On some meta level, governments and elite are not driven by some meta morality, but mostly by "tactical morality" with immediate utility. Compared to say, fumbling a poorly thought out covid plan or endless foolishness this issue really doesn't make the cut except in its ease of comprehension.

On the cost side: the entire electrical vehicle supply chain is drained against massive demand and price can not go down until the demand is fulfilled. There are things like tens if not hundreds of thousands of preorders on vehicles not to be delivered in years. Existing models have delivery dates a quarter or three down the line. Dealers are putting 10k or more in mark up. Year(s) old vehicles are costing more than new vehicles.

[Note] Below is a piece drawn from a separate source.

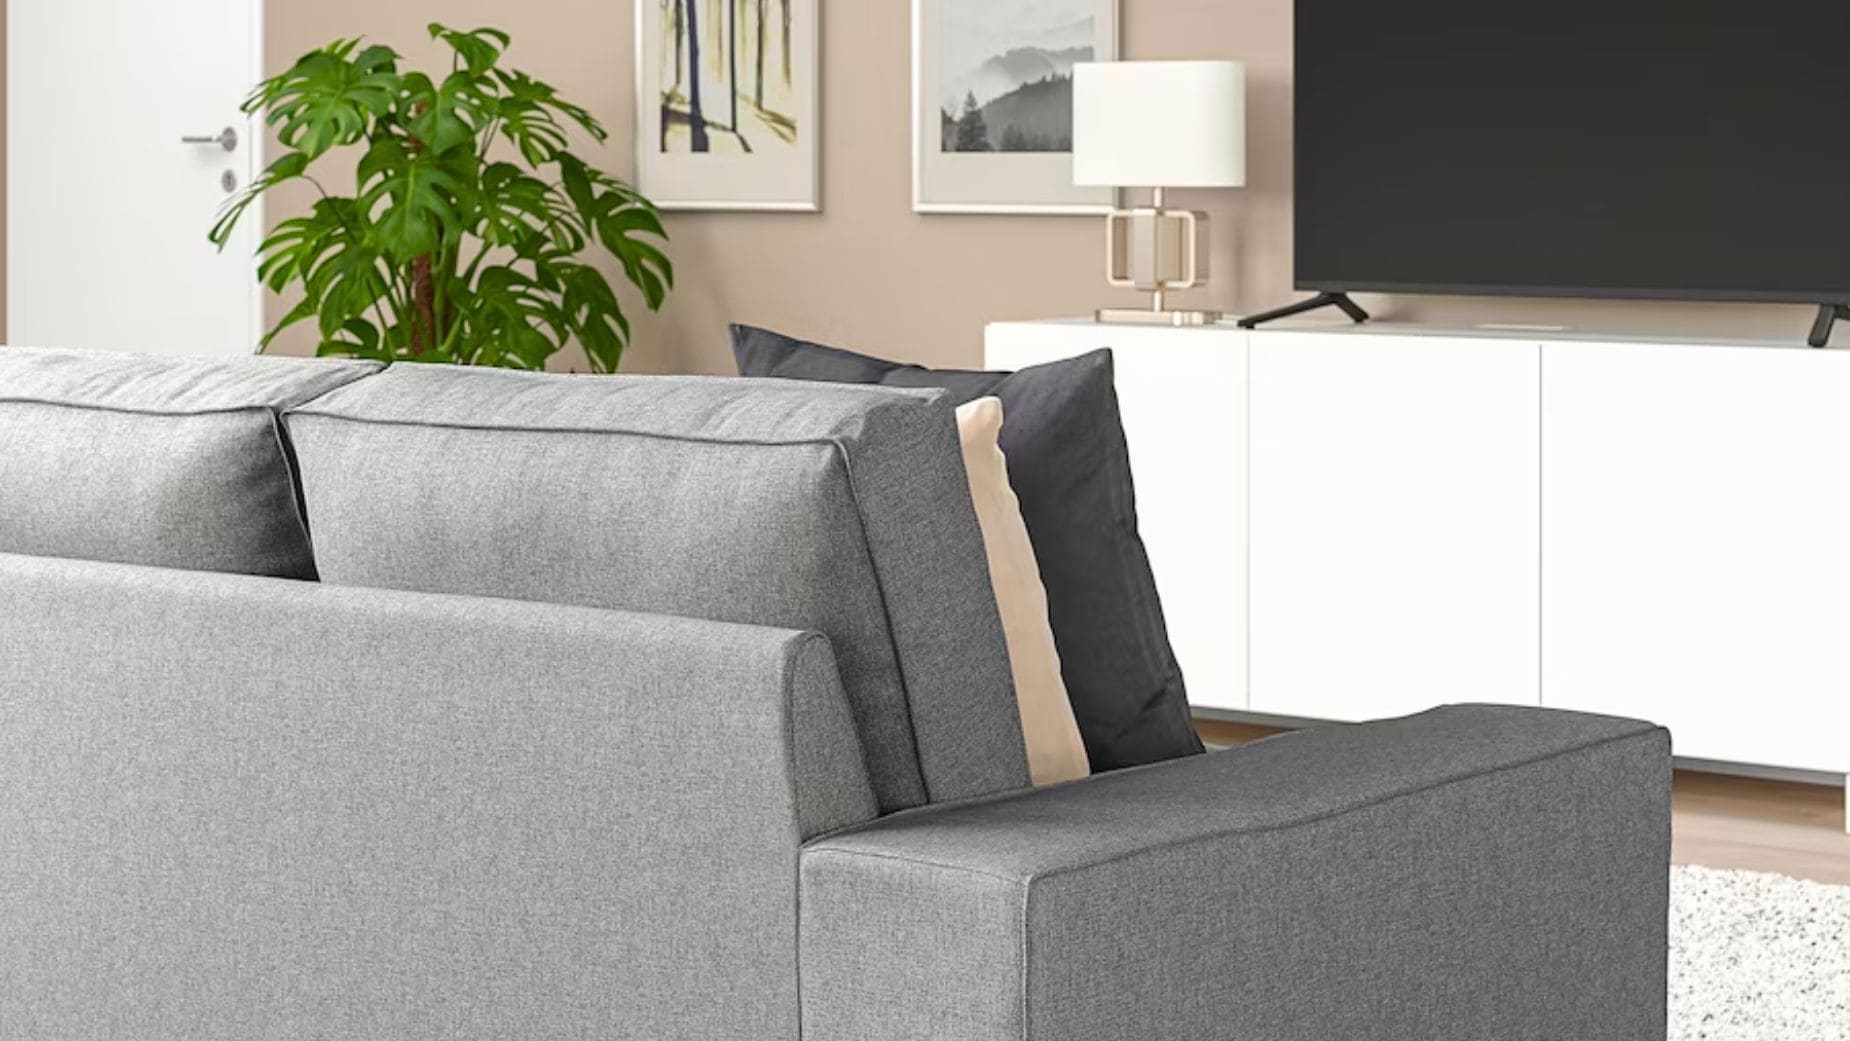 Combinar muebles de Ikea y detalles de diseño

People have often complained that Teslas don't have interiors fit for its price range, and they are right as Tesla is built cheaply with budget car levels of price cutting, and vehicle margins is like 25%, much better than traditional vehicles at 10% and even lower for cheaper cars and wait time is still months. This kind of high margin goes up the supply chain all the way up to battery suppliers and mines. (this is why vertical integration is considered attractive)

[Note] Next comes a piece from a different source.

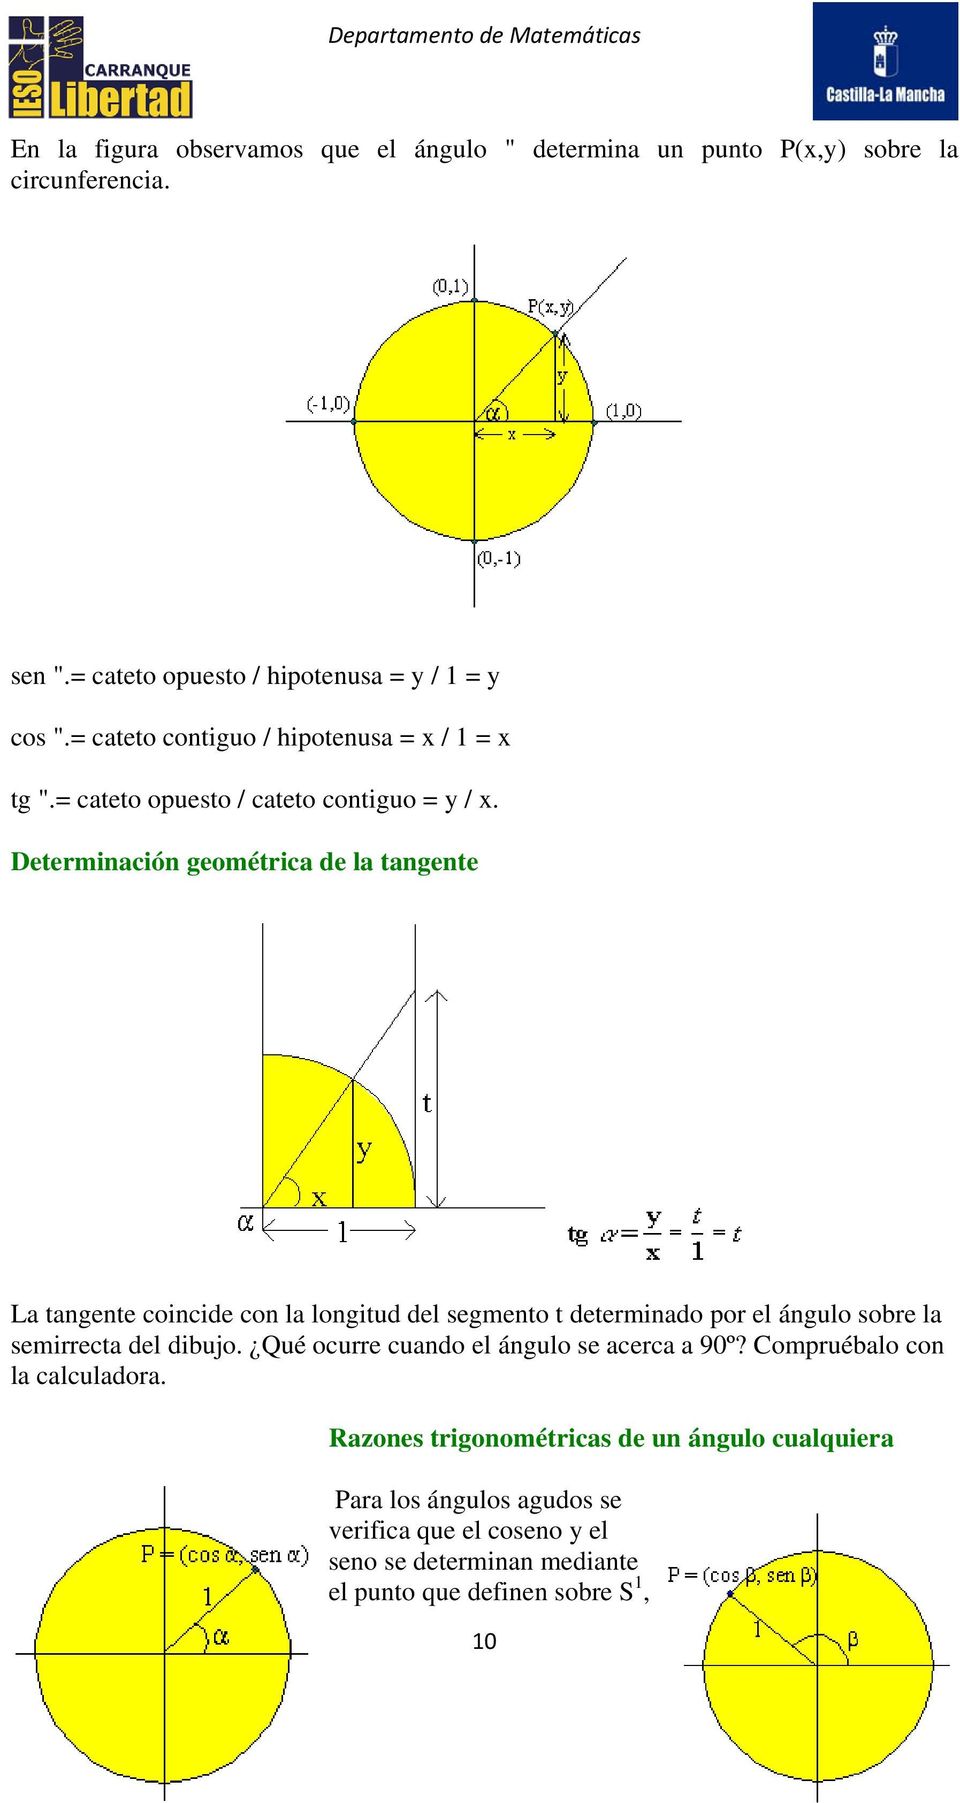 Determinación geométrica de la tangente La tangente coincide con la longitud del segmento t determinado por el ángulo sobre la semirrecta del dibujo.

A 10x scaling of the Li-ion battery industry simply can not happen overnight. Billions of investment have been put in the pipeline not to produce products until ~2025.



Even Tesla's own investment in battery production has not reached production vehicles.
---------
Prices may not come down much until ~2027 where all those factories complete and ramp up to saturate higher margin markets, unless Chinese (with some crazy scaling plans announced: that is where the big battery producers are already at) managed to export in a big way before that.
I think the big car manufacturers know the game is up, you would as a uk company buyer be nuts to buy new ICE cars, and their lease costs must be going through the roof, as residuals will plummet. Everyone wants an electric, just cant afford them, or find them....

They just hope dopy old Joe public, stays on autopilot, and picks the ICE car with the nicest colour, again.
 
Cheapest electric car in the UK today, is £2100 with new batteries. a G-Wiz. So not quite £500 but getting there.

A 10 year old Nissan leaf is £5000, so we are getting there.
A G=WIZ is not a car, it's a bluddy death trap.

A ten year old Leaf will need a new battery so add that to the cost of the car.

Porsche have produced a clean fuel that can equal or better the emissions of an EV.

That fuel can be sold through an existing infrastructure and start making a difference NOW, not in the future when EV infrastructure may or may not be in place.